→ **What to do**: Below this line are records; write out exactly the lines from the one containing "Shorts with print Plimmerton - Urban Navy" through the one containing "Skyscape Condos |", with the pictures left out.

→ **Data for review**:
◆ ◆ ◆ ◆ ◆

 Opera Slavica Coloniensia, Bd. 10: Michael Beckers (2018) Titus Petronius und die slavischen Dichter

◆ ◆ ◆ ◆ ◆

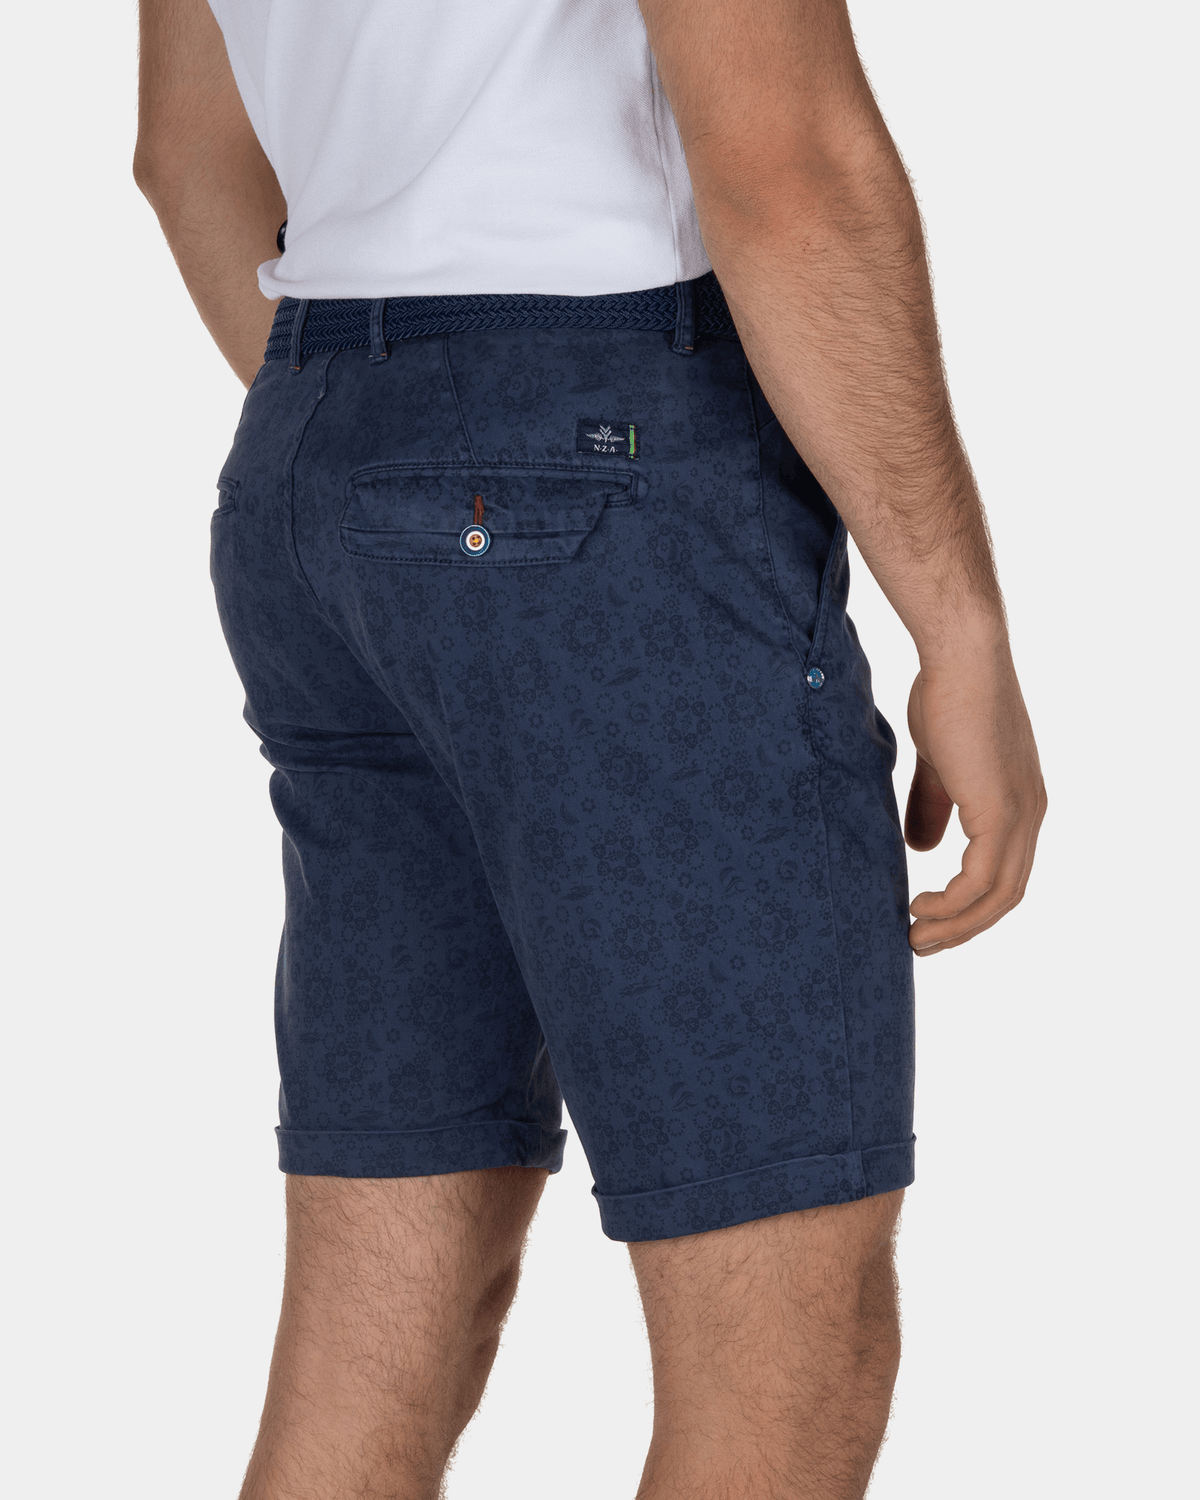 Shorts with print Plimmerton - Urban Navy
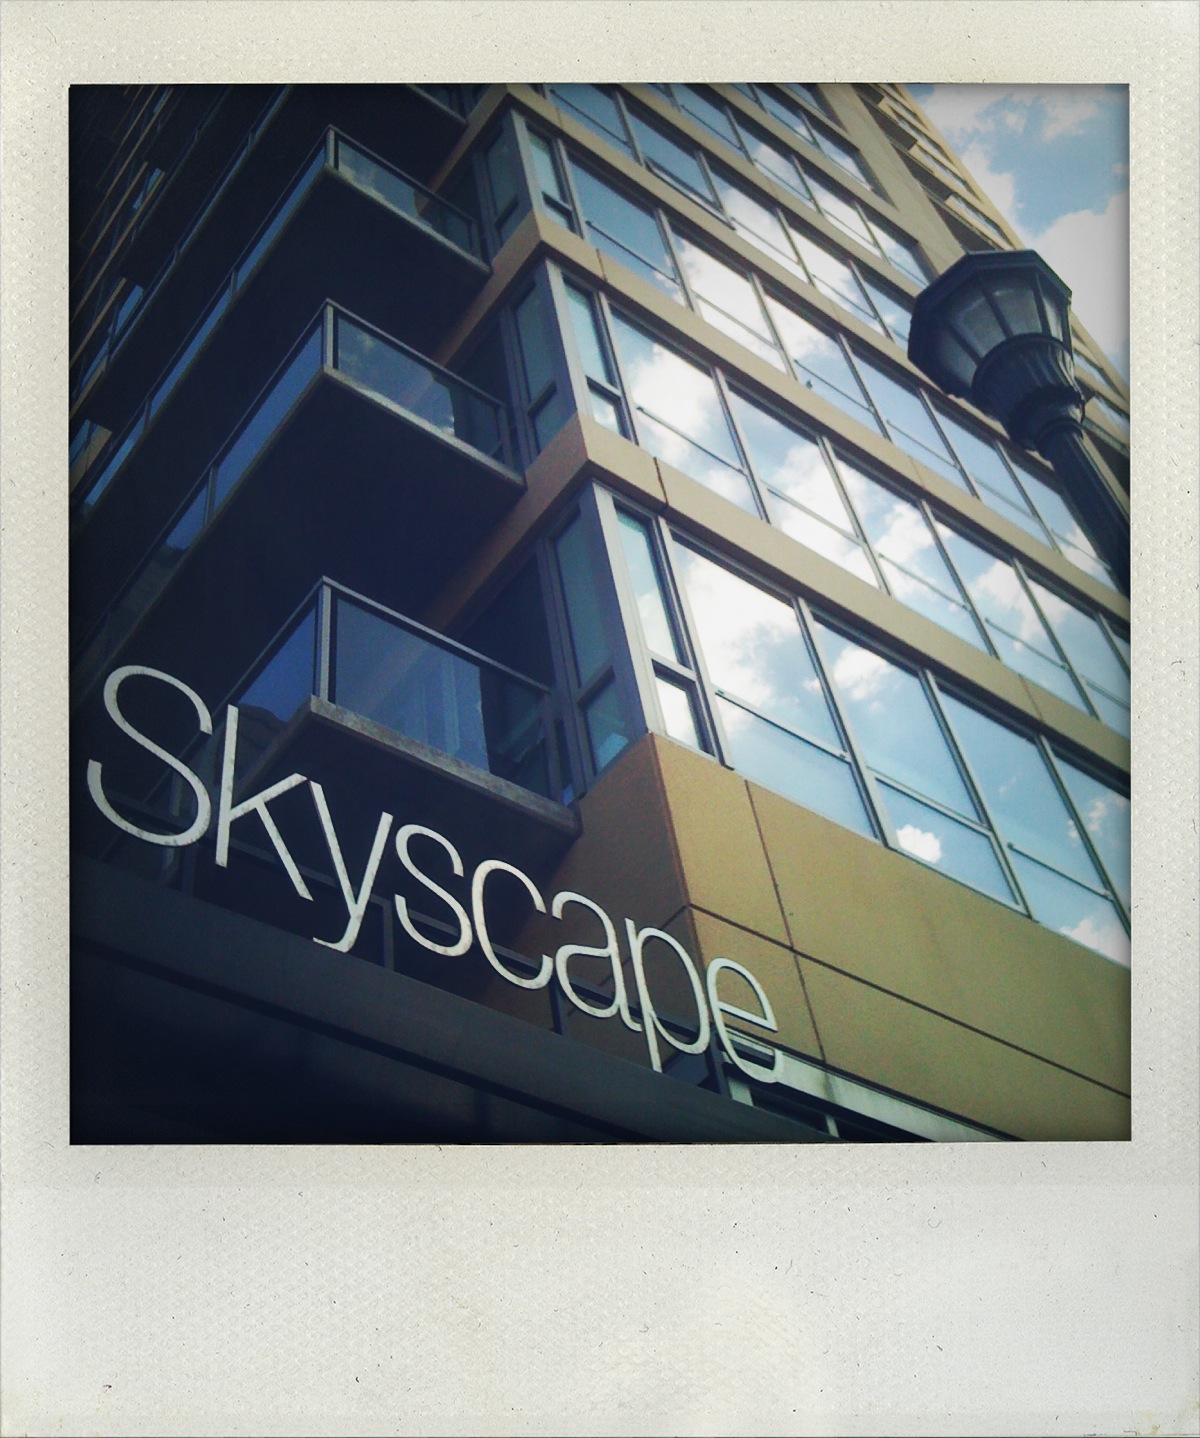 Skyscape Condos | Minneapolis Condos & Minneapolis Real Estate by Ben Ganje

◆ ◆ ◆ ◆ ◆

→ **Response**:
 Shorts with print Plimmerton - Urban Navy
 Skyscape Condos | Minneapolis Condos & Minneapolis Real Estate by Ben Ganje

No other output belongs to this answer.